The effect of MKA on mitochondrial depolarization of LPS induced RAW 264.7 macrophages were illustrated in Figure 2, (1) Control without MKA and LPS; (2) LPS treatment without MKA; (3) MKA (25 µg/ml)+ LPS treatment; (4) MKA (50 µg/ml) + LPS treatment; (5) MKA (75 µg/ml) + LPStreatment; (6) MKA (100 µg/ml) + LPS treatment and (7) Quercetin standard (25µM) + LPS treatment. The JC-1 green fluorescence intensity is enhanced in conditions of mitochondrial membrane damage due to membrane depolarization. In Figure 3, the mitochondrial membrane potential is represented in terms of green fluorescent intensity. **represent significant difference (P<0.01) vs LPS; ## represent significantdifference (P<0.01) vs Control; # represent no significant difference(P<0.01) among the group.
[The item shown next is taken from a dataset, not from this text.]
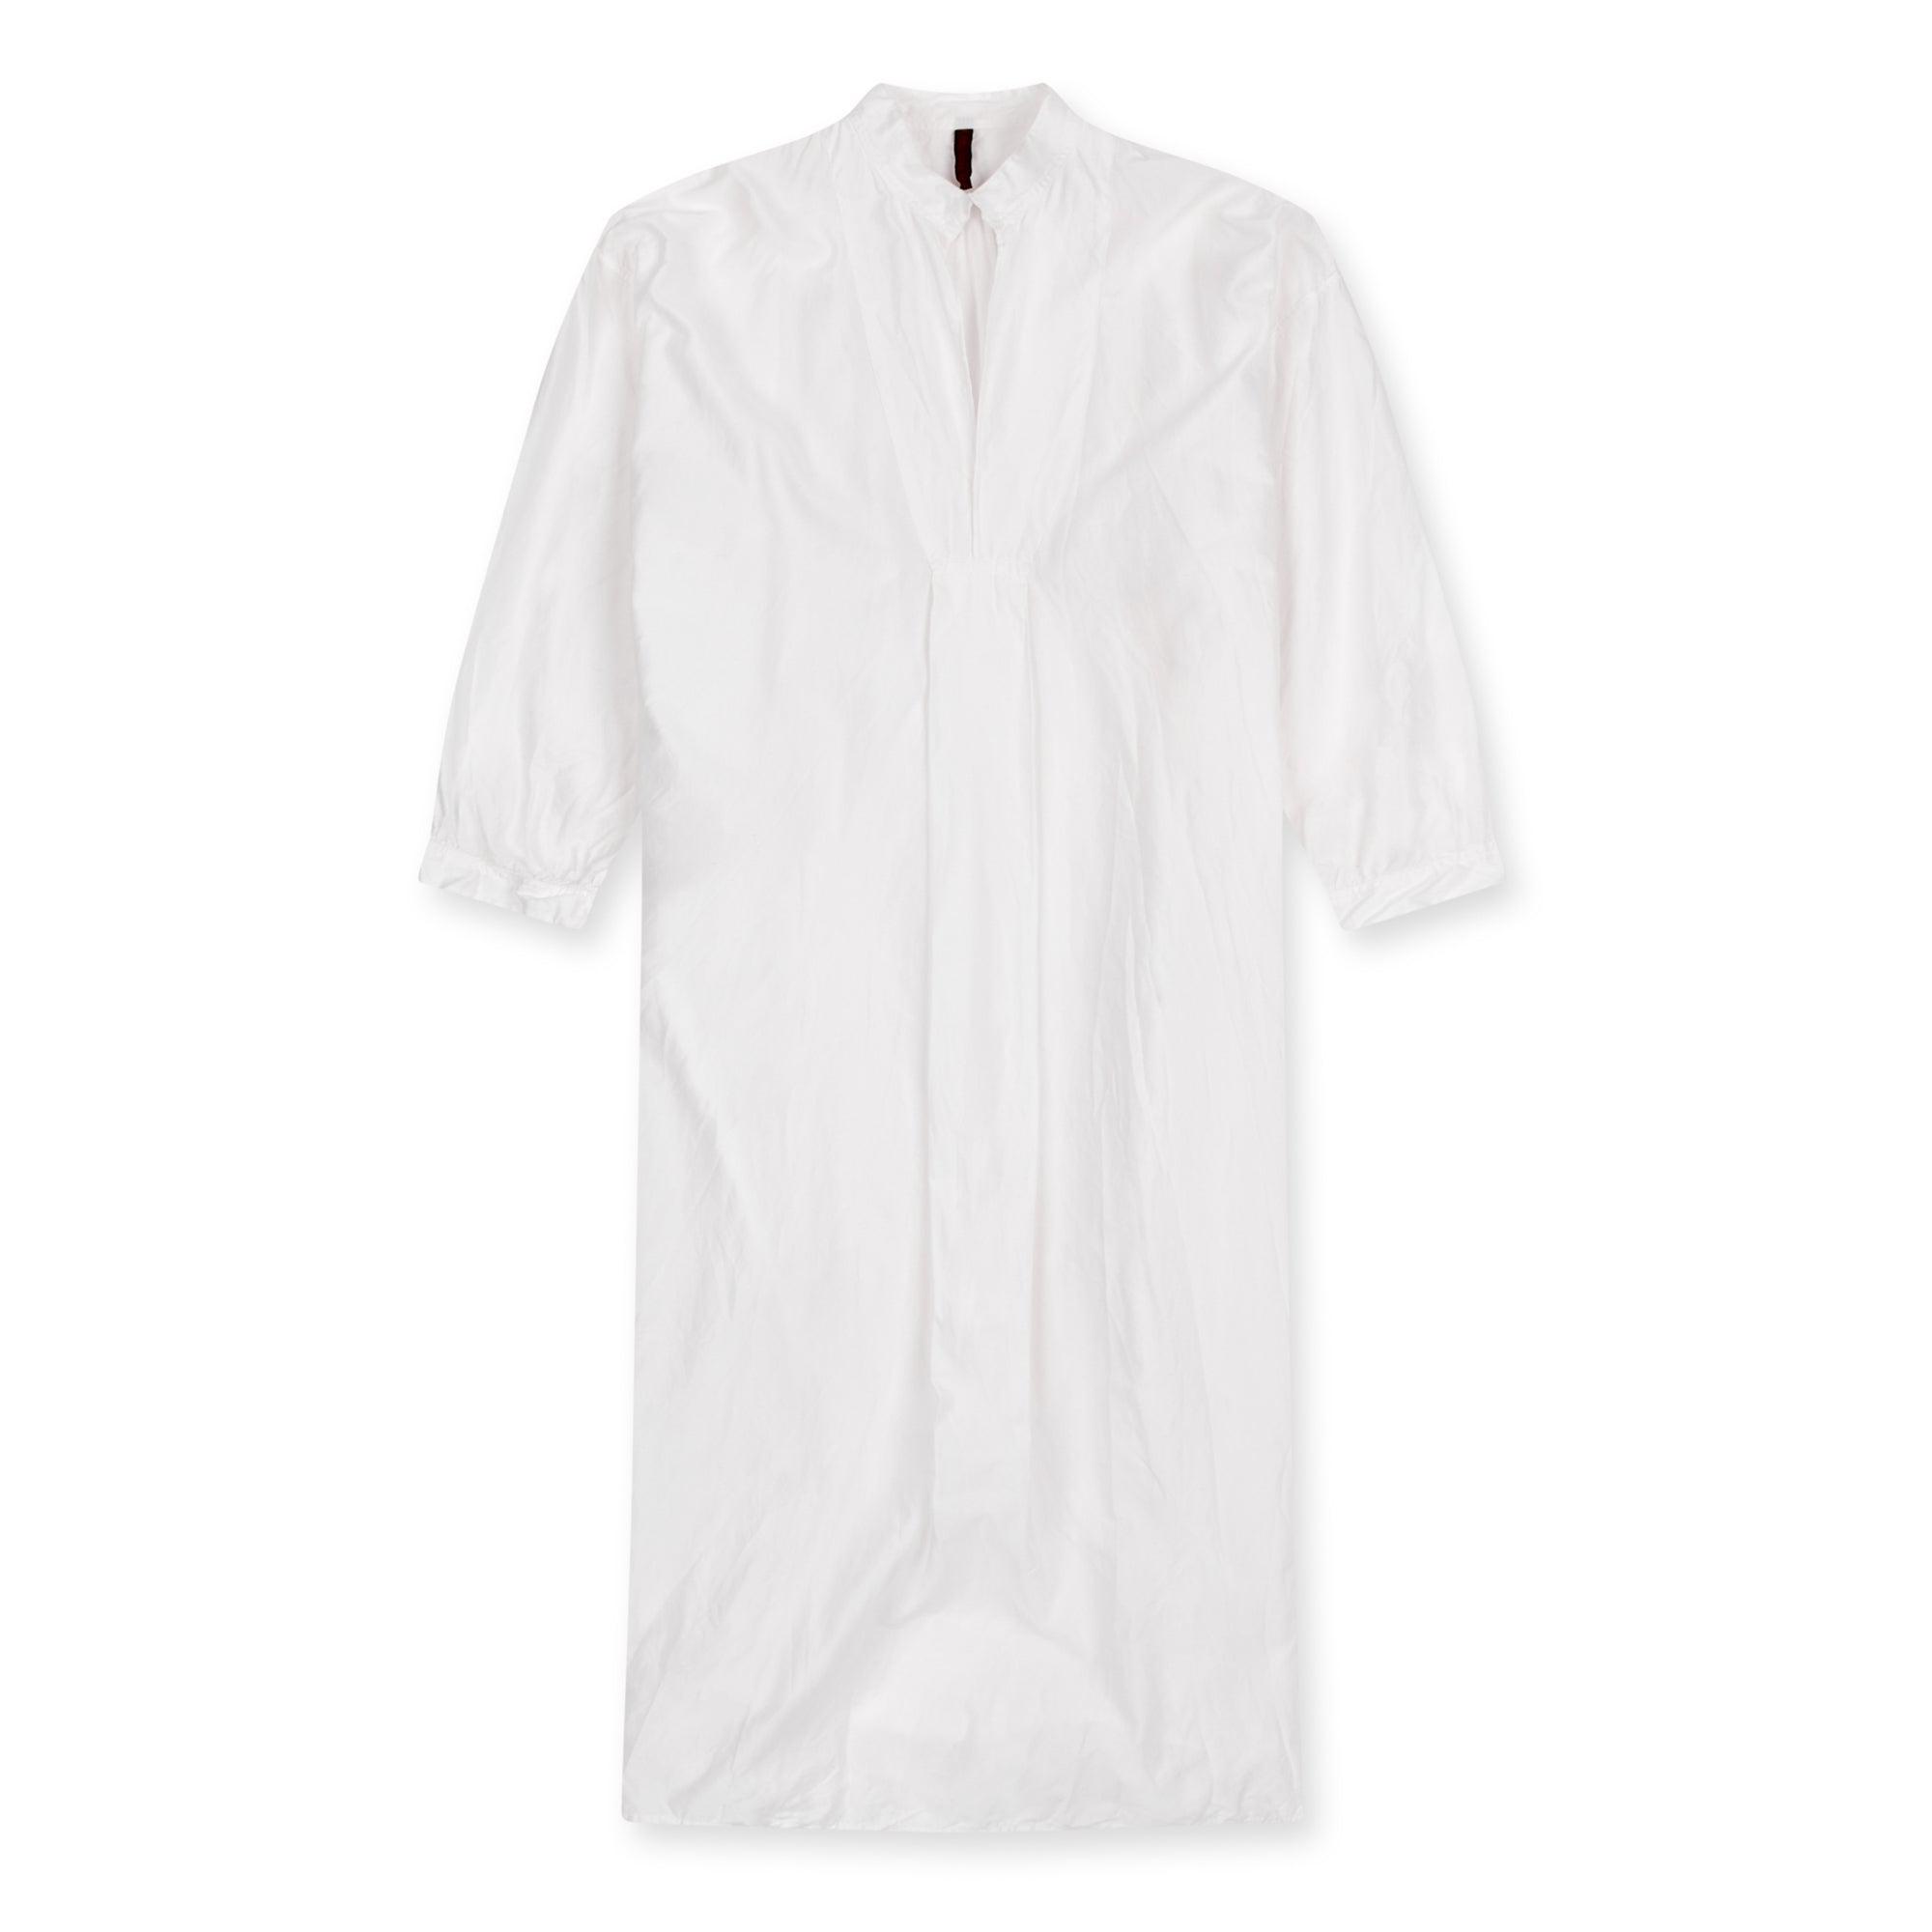 Daniela Gregis Women's Long Kora Shirt (White) by DANIELA GREGIS
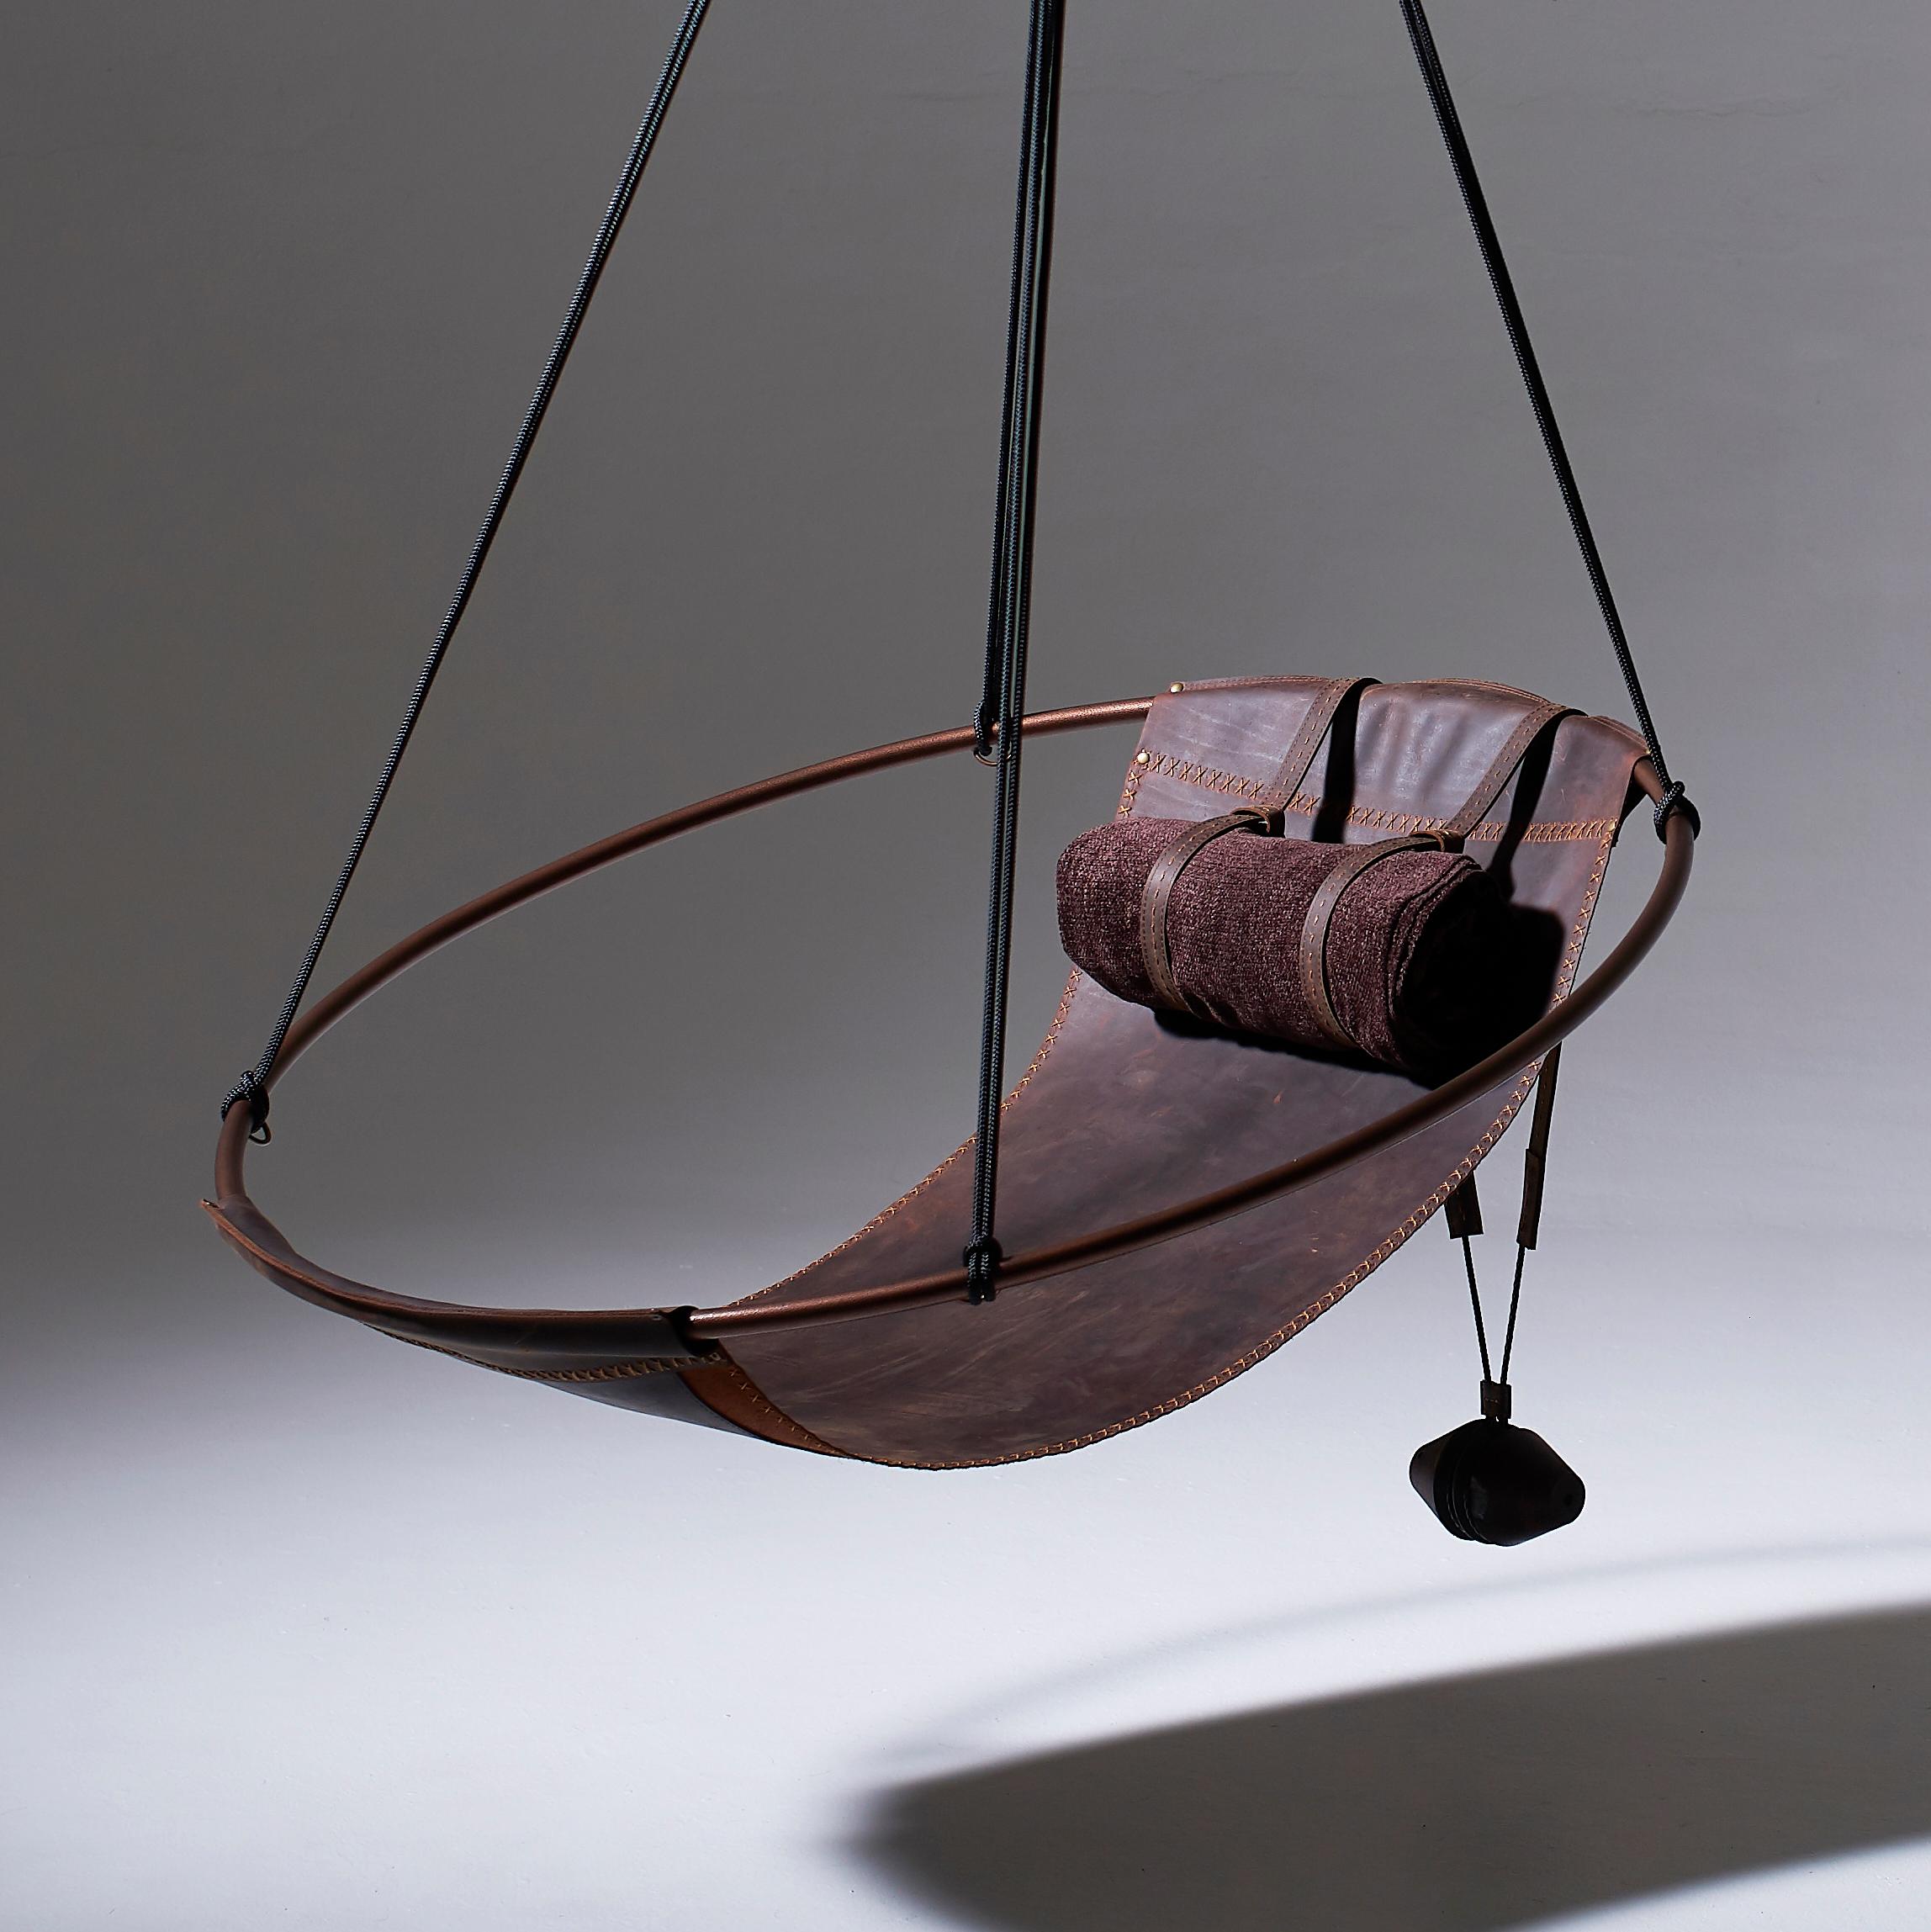 Dépouillé de tout excès, ce fauteuil suspendu présente un cadre circulaire dans lequel les feuilles de cuir ou de tissu pendent librement, pour créer une expérience élégante, sexy et ô combien confortable. Les lignes épurées et la légèreté de cette

It was found that there is a significant increase (p<0.01) in the mitochondrial membrane potential of LPS treated compared to control. Also, there is a significant decrease (p<0.01) in the mitochondrial membrane potential of MKA treatments 25, 50, 75 and 100 µg/ml compared to LPS treatment. It was also noted that there is no significant difference between 100 µg/ml MKA treatment and standard Quercetin. The MKA has therapeutic property in restoring the mitochondrial membrane damage caused by LPS in macrophages. The LPS induction shifts the fluorescence signal to more green, indicating the high level of mitochondrial membrane depolarisation. The MKA treatment shifted the fluorescent signal to normal, thereby reducing the membrane depolarisation and restoring the mitochondrial membrane damage in a dose-dependent manner.

Conclusion

The Polyherbal formulation MKA, reduced the rate of lipid peroxidation in LPS triggered cells, which proves its efficacy in protecting the cells from oxidative damage. The LDH leakage was also reduced in MKA treatments, which validates its potential in protecting the cell membrane from oxidative damage. Also, the MKA restores the mitochondrial membrane potential significantly compared to LPS treated group. From these study results, it is evident that the MKA has a therapeutic role in protecting the macrophages from LPS induced oxidative stress.